Ковалевский не удержался от улыбки:
– Без обиняков.
– Благодарю вас. Итак, без обиняков. – Он опять заглянул в глаза Ковалевскому. – Я прошу вас взять с собою наших священников.
Егор Петрович откинулся в кресле. Его коробило от этого заглядывания. Он забарабанил пальцами по колену. «Тэк-с, тэк-с… Так вот куда ты метишь, птичка божья». И, подумав, ответил:
– Не могу. Без разрешения каирских властей не могу.
Рилло поджал губы. Такого поворота он не ждал. Но падре великолепно владел собой.
– А местный генерал-губернатор вам не указ? – спросил он медленно.
– Нет, господин Рилло, не указ, – отрезал Ковалевский.
Рилло допил чашку кофе.
– Очень жаль, – произнес он бесстрастно. – Жаль, когда интересы высшие, – он возвел глаза к потолку, – уступают в нашем сердце низшим.
– Совершенно справедливо, – с подчеркнутой значительностью ответил Ковалевский.
– Ну хорошо, Егор Петрович, – вздохнул падре. – А не поможете ли вы мне в другом?
– В чем же?
Рилло улыбнулся:
– Что нового в российской словесности?
– О! Вы и за ней следите? Очень приятно. Вот теперь вы найдете во мне миссионера. – И он придвинулся к Рилло…

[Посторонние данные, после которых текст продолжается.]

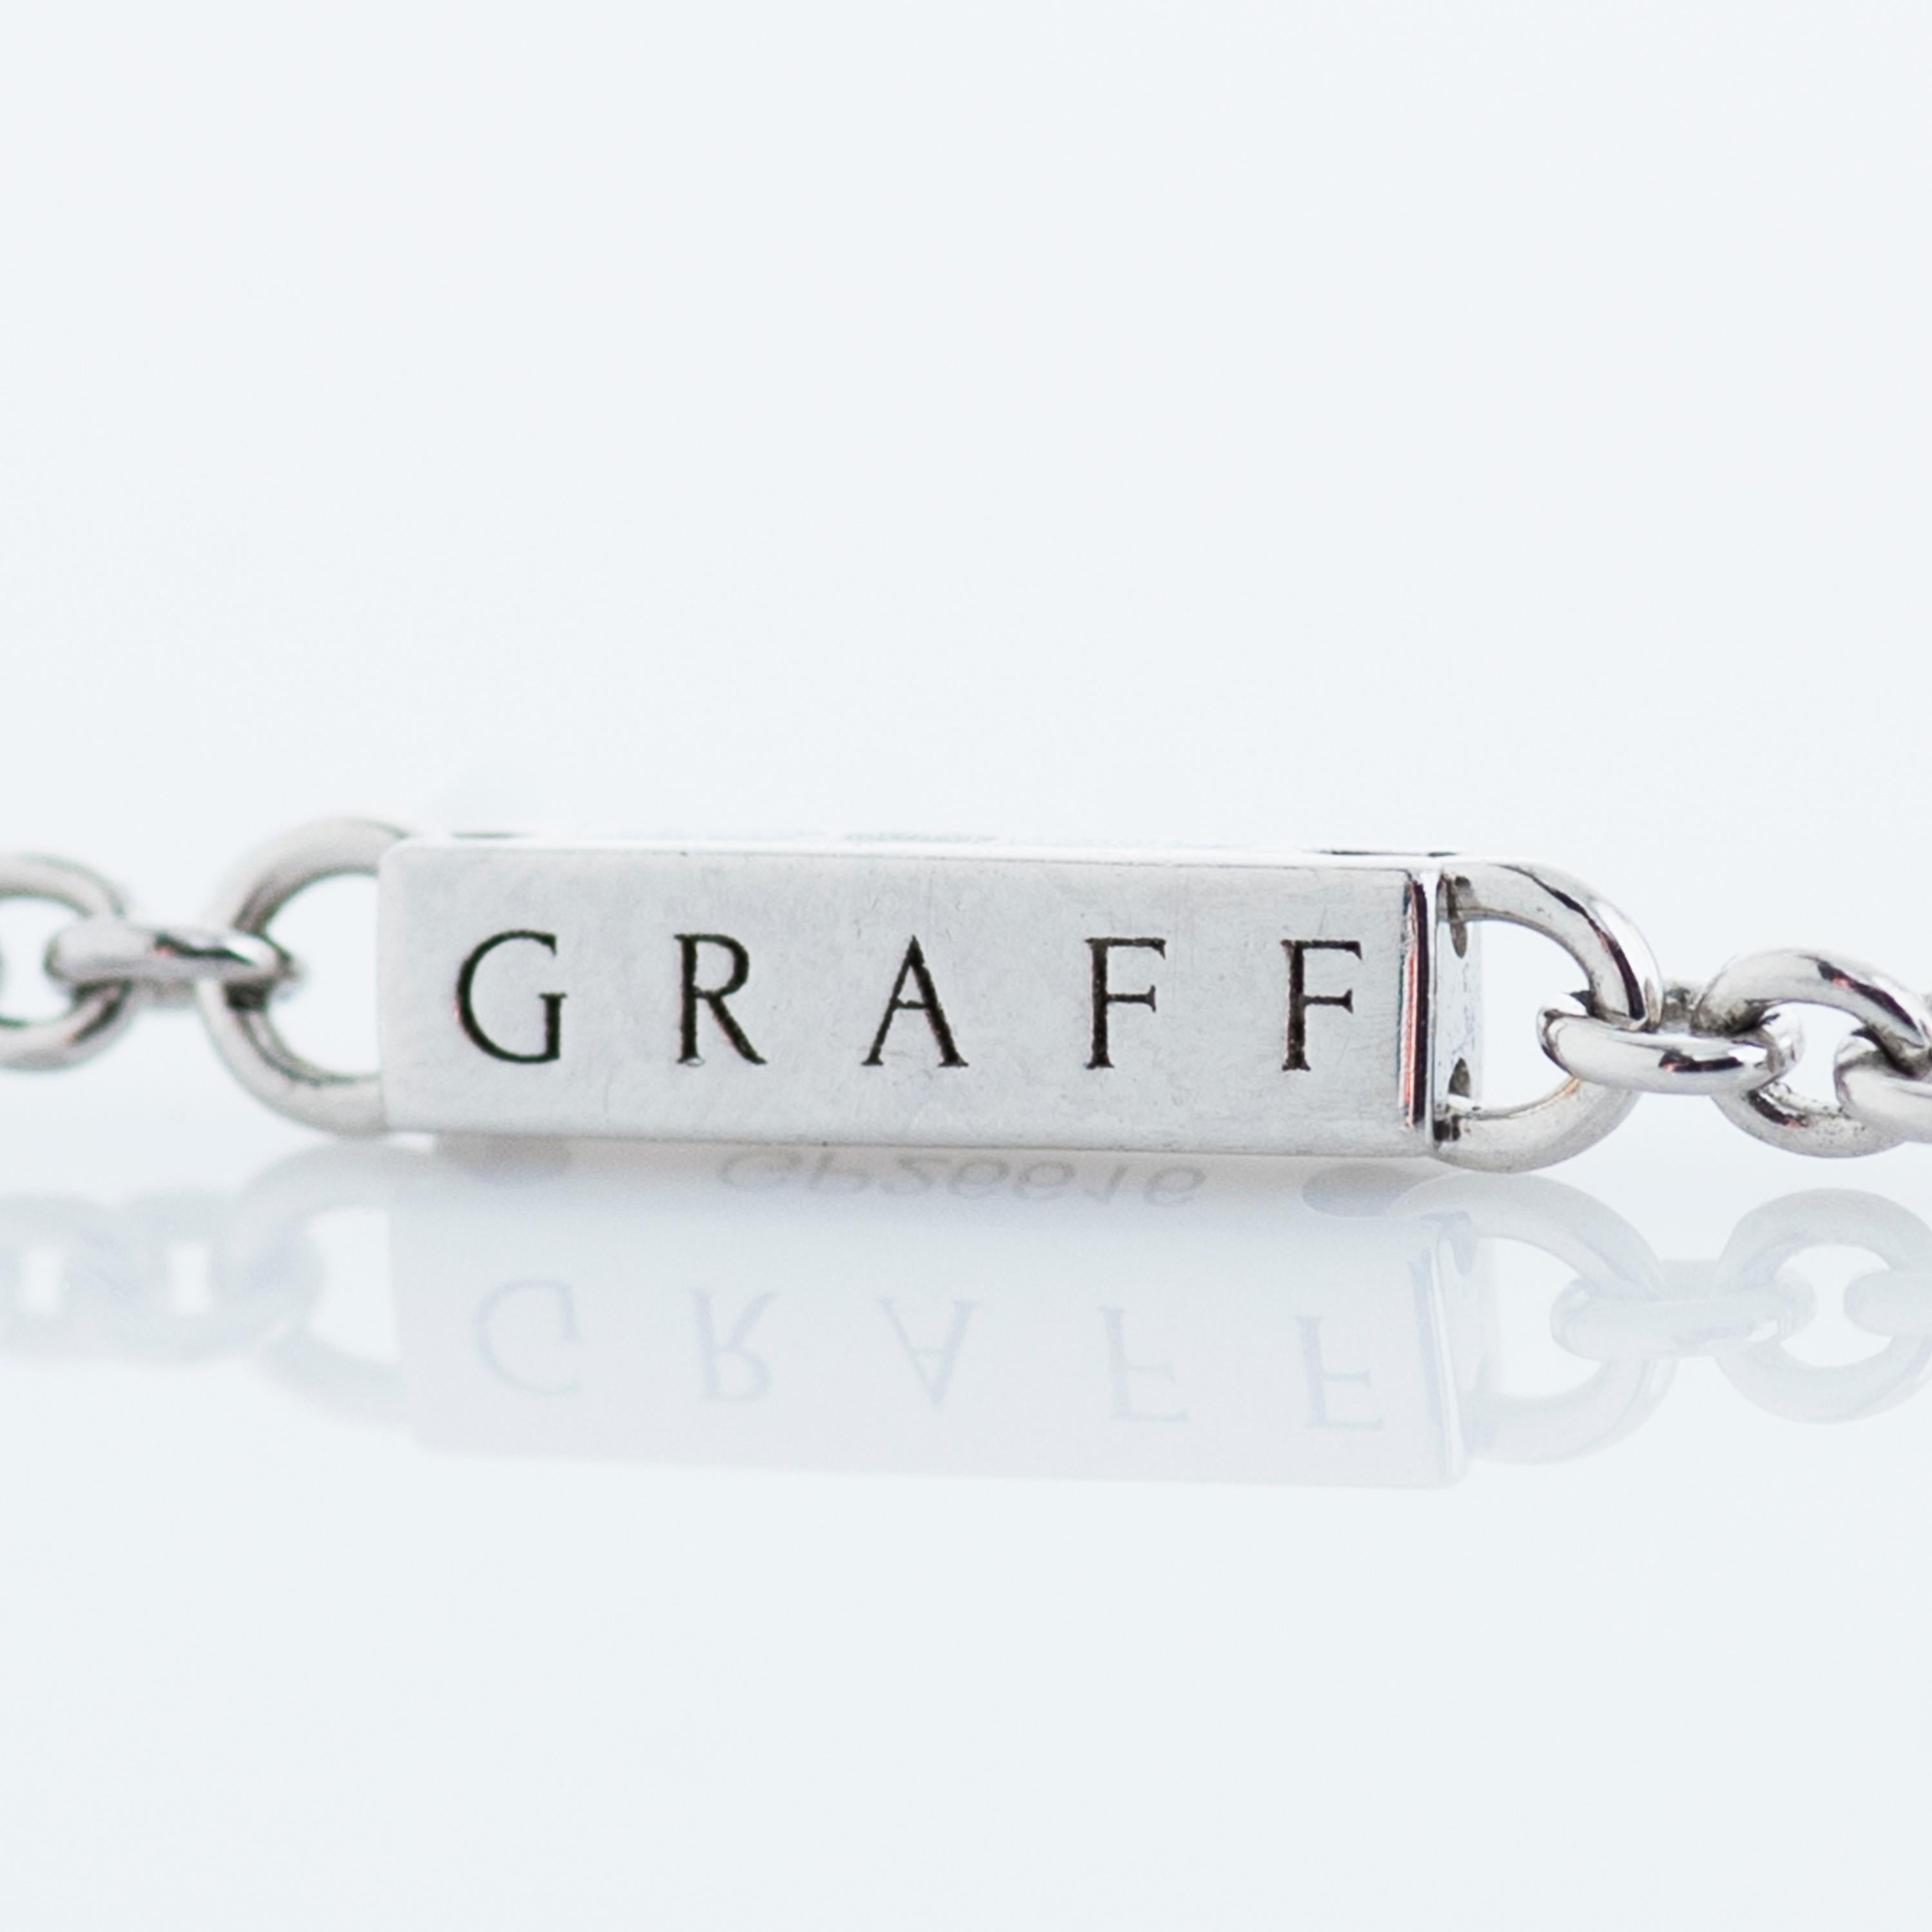 graff necklace
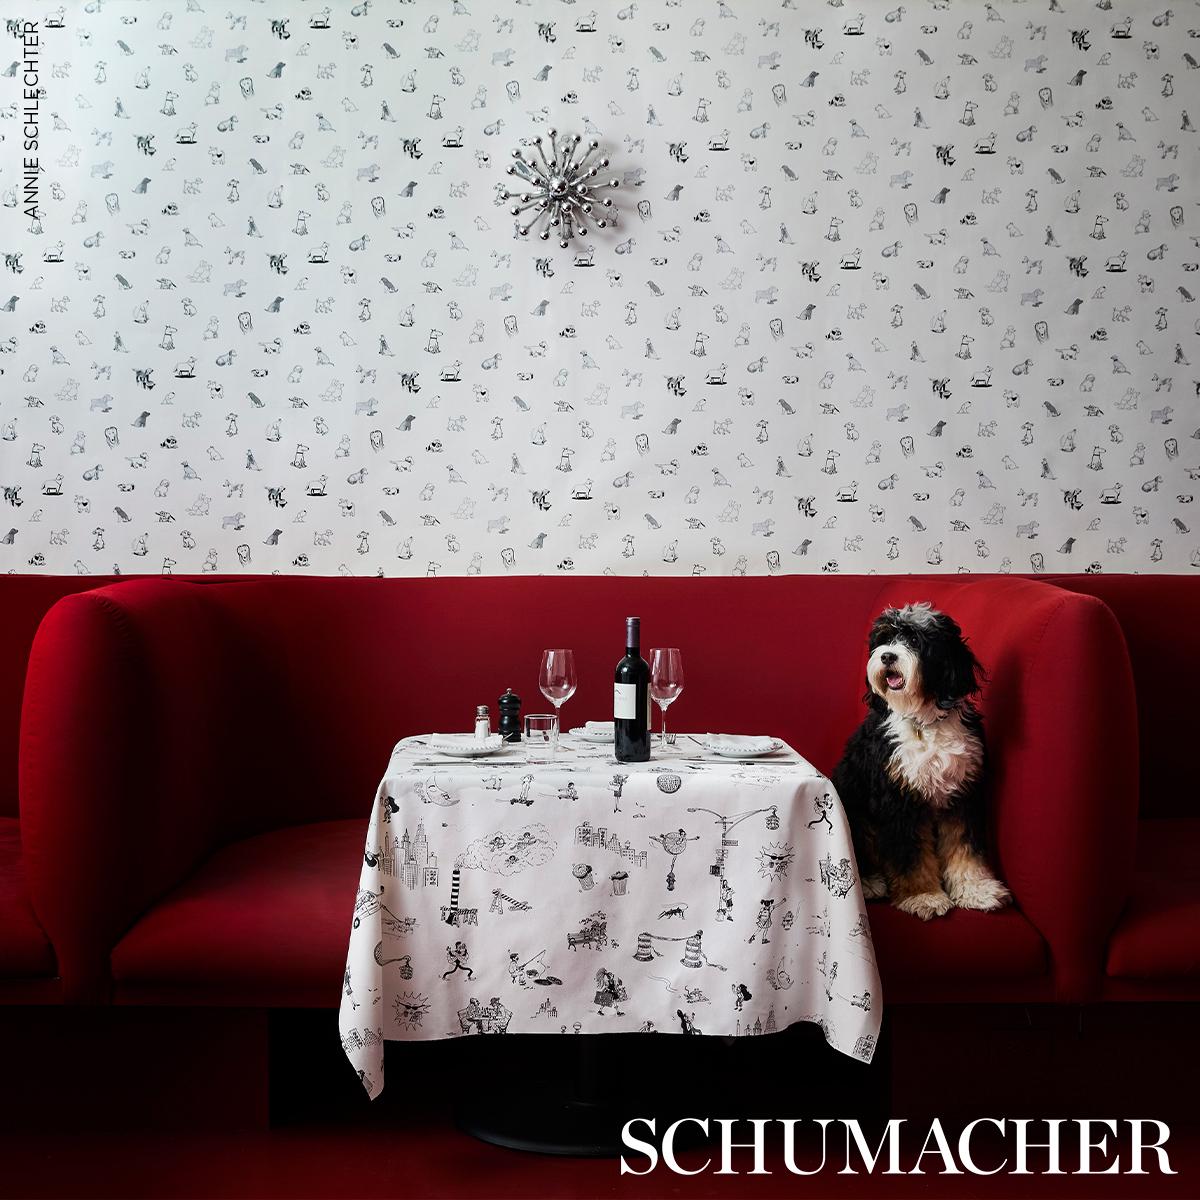 Schumacher Wallpaper 5016130 Good Dogs Everywhere in Black & White

Когда дом наконец опустел и затих, Никола Уливи торопливо прошел в глубину сада. Там среди мимоз в беседке ждал его Рилло.
– Послушайте, Уливи, – устало проговорил падре, – мне с каждым днем все хуже…
Уливи знал, что Рилло жестоко страдает дизентерией. «Однако, черт побери, – злобно думал Уливи, – нашел время распространяться о своих болезнях».
– Я говорю не для того, чтобы вызвать ваше сочувствие, сын мой, – иронически сказал Рилло, – хотя, конечно, вы сострадательный христианин.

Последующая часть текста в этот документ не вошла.